PROVIDED DATA:
------

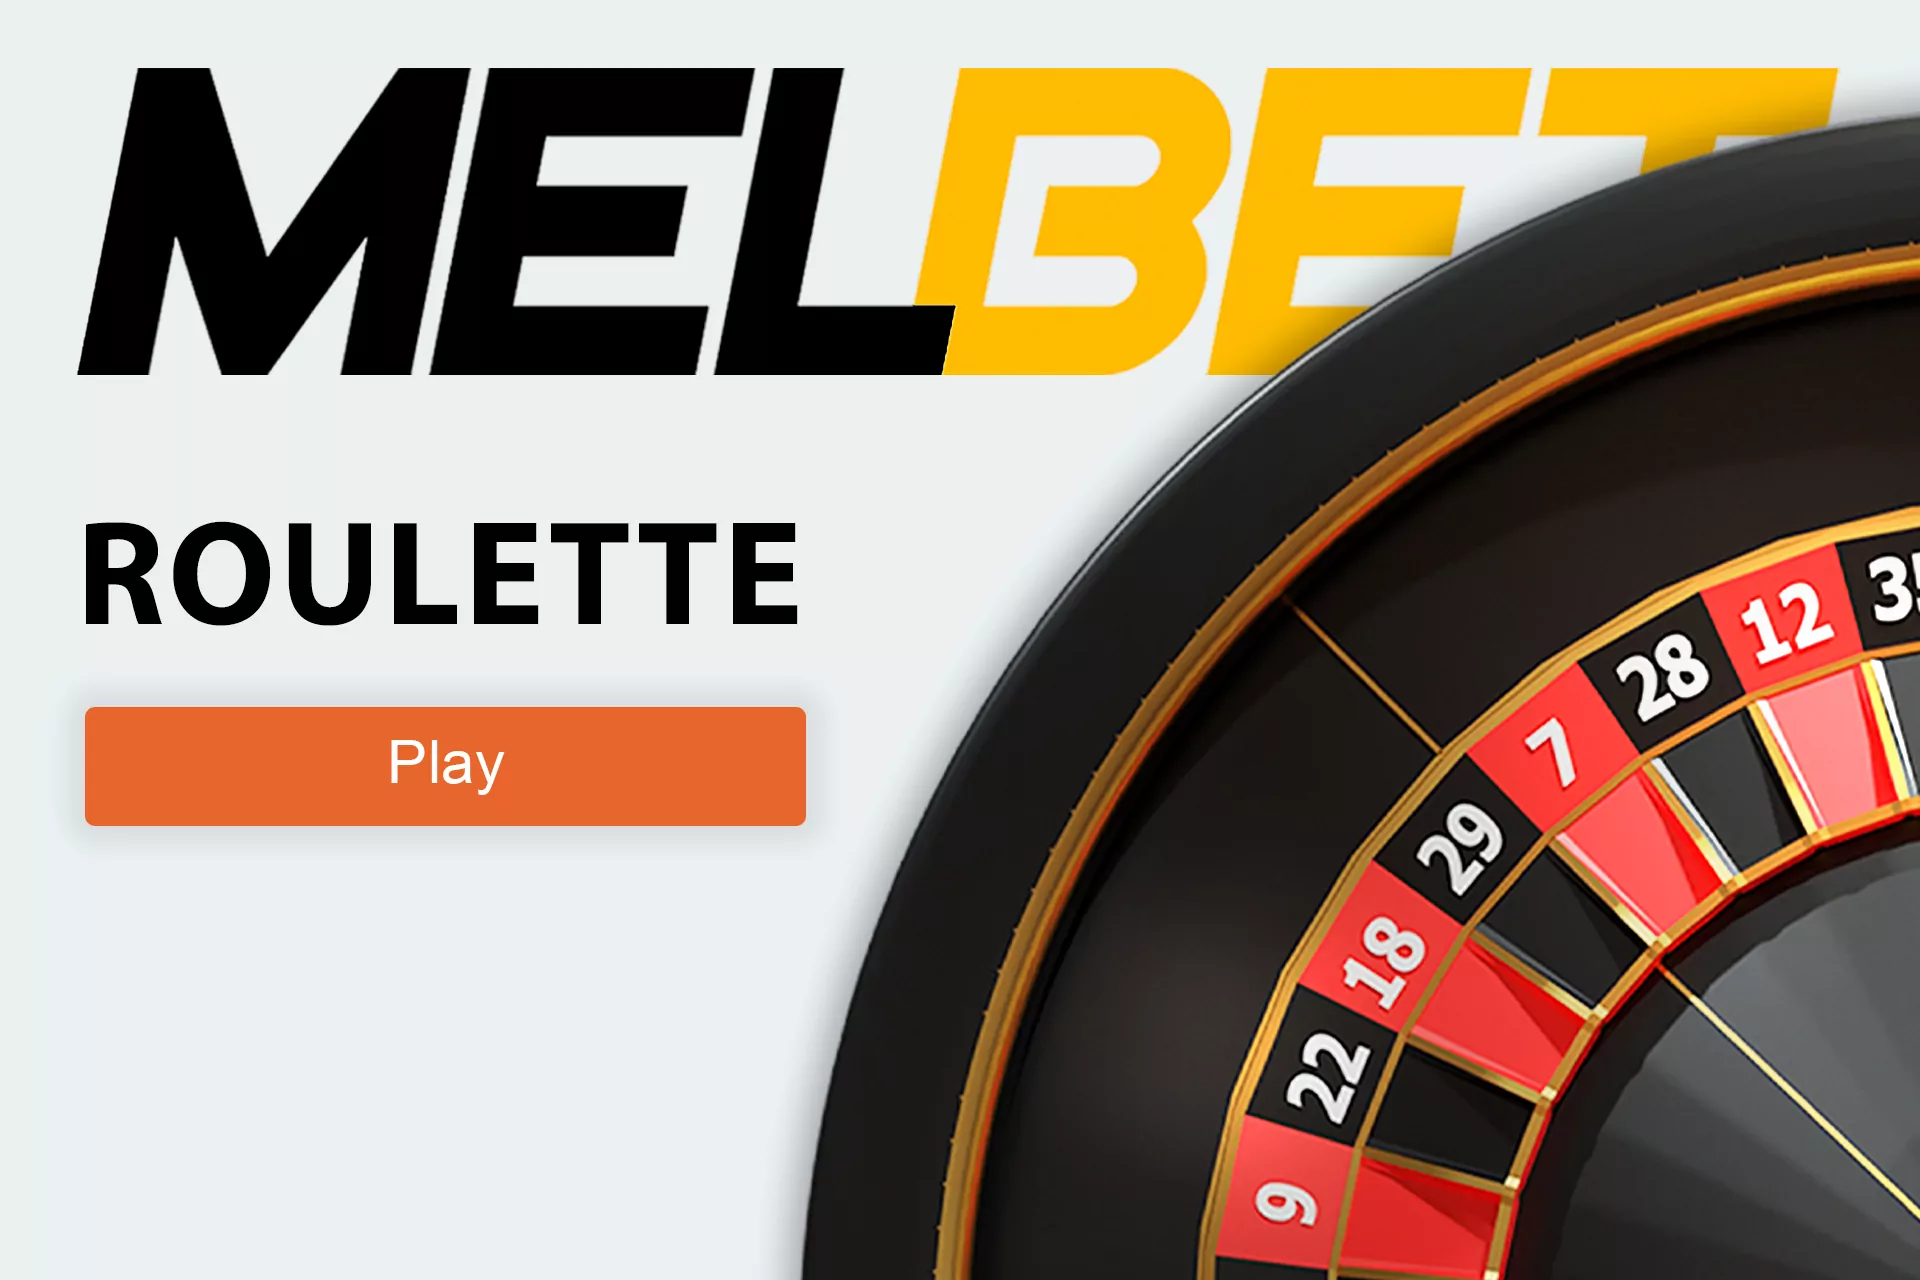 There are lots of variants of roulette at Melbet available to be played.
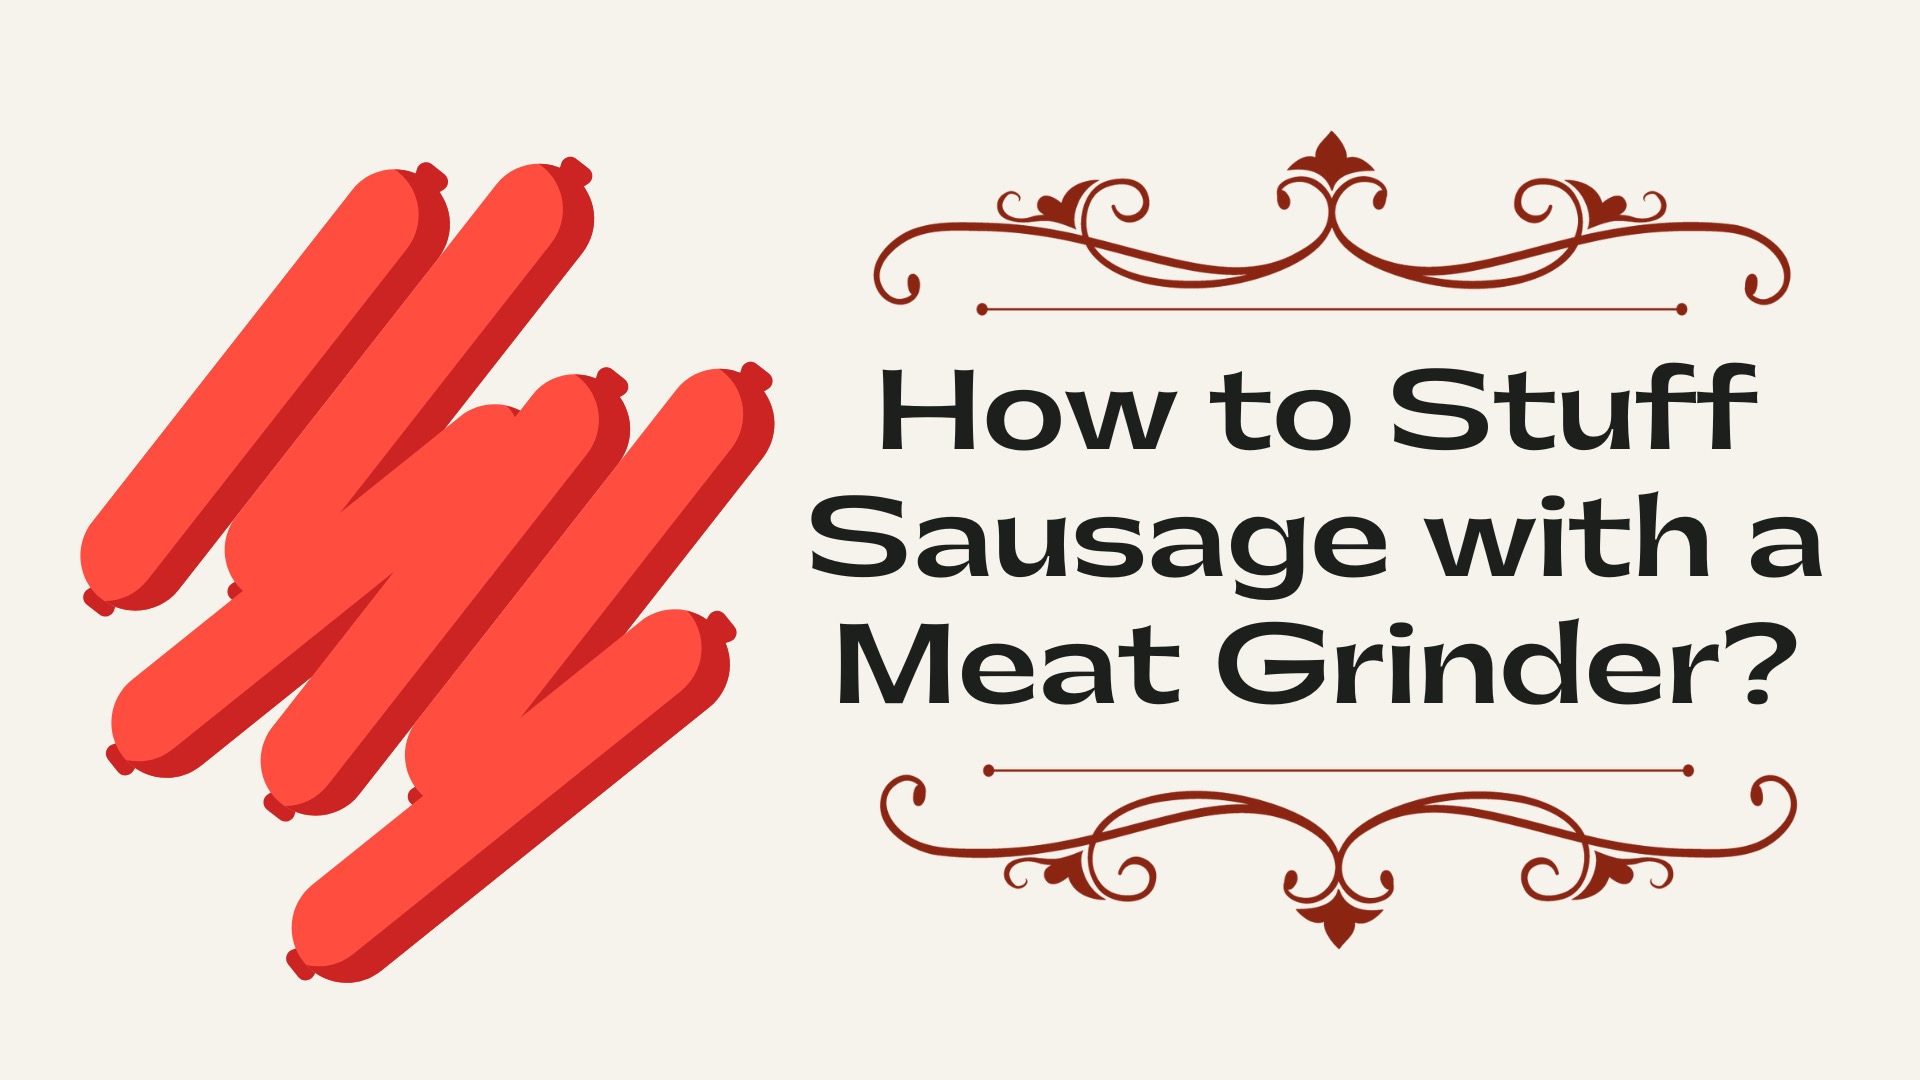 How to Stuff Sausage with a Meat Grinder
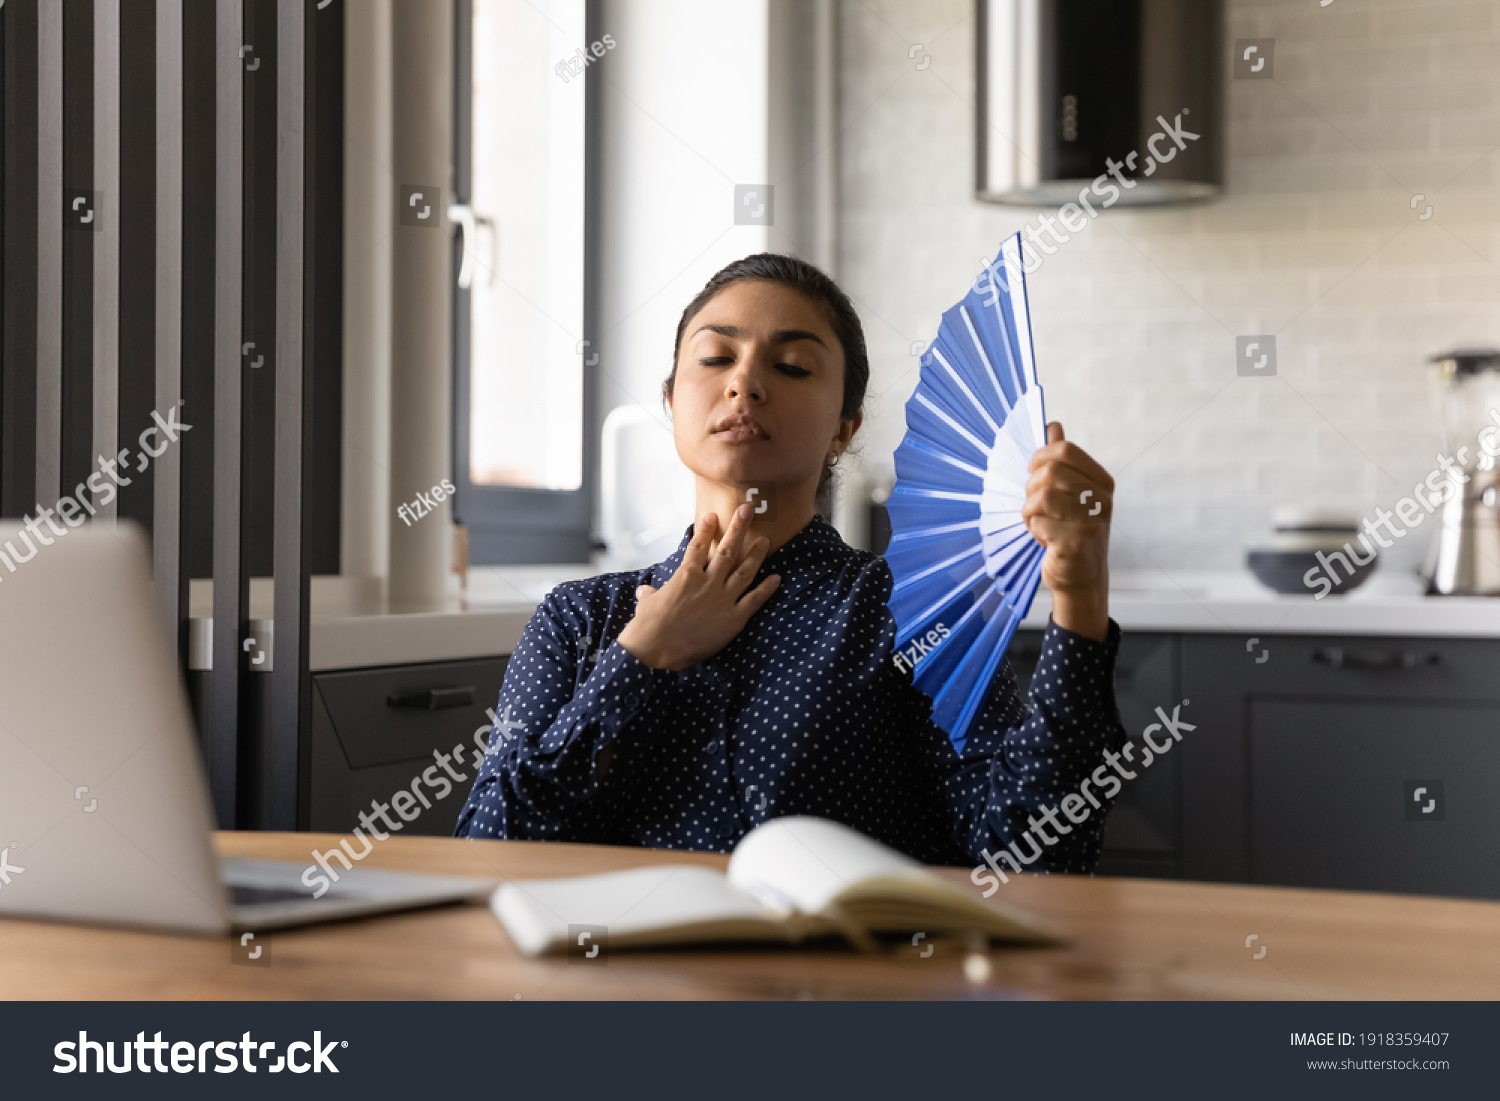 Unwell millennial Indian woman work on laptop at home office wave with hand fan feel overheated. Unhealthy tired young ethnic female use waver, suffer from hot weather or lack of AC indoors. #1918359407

------

WHAT TO DO: Give back the data verbatim. The pictures are not part of the copy.

OUTPUT:
 There are lots of variants of roulette at Melbet available to be played.
 How to Stuff Sausage with a Meat Grinder
 Unwell millennial Indian woman work on laptop at home office wave with hand fan feel overheated. Unhealthy tired young ethnic female use waver, suffer from hot weather or lack of AC indoors. #1918359407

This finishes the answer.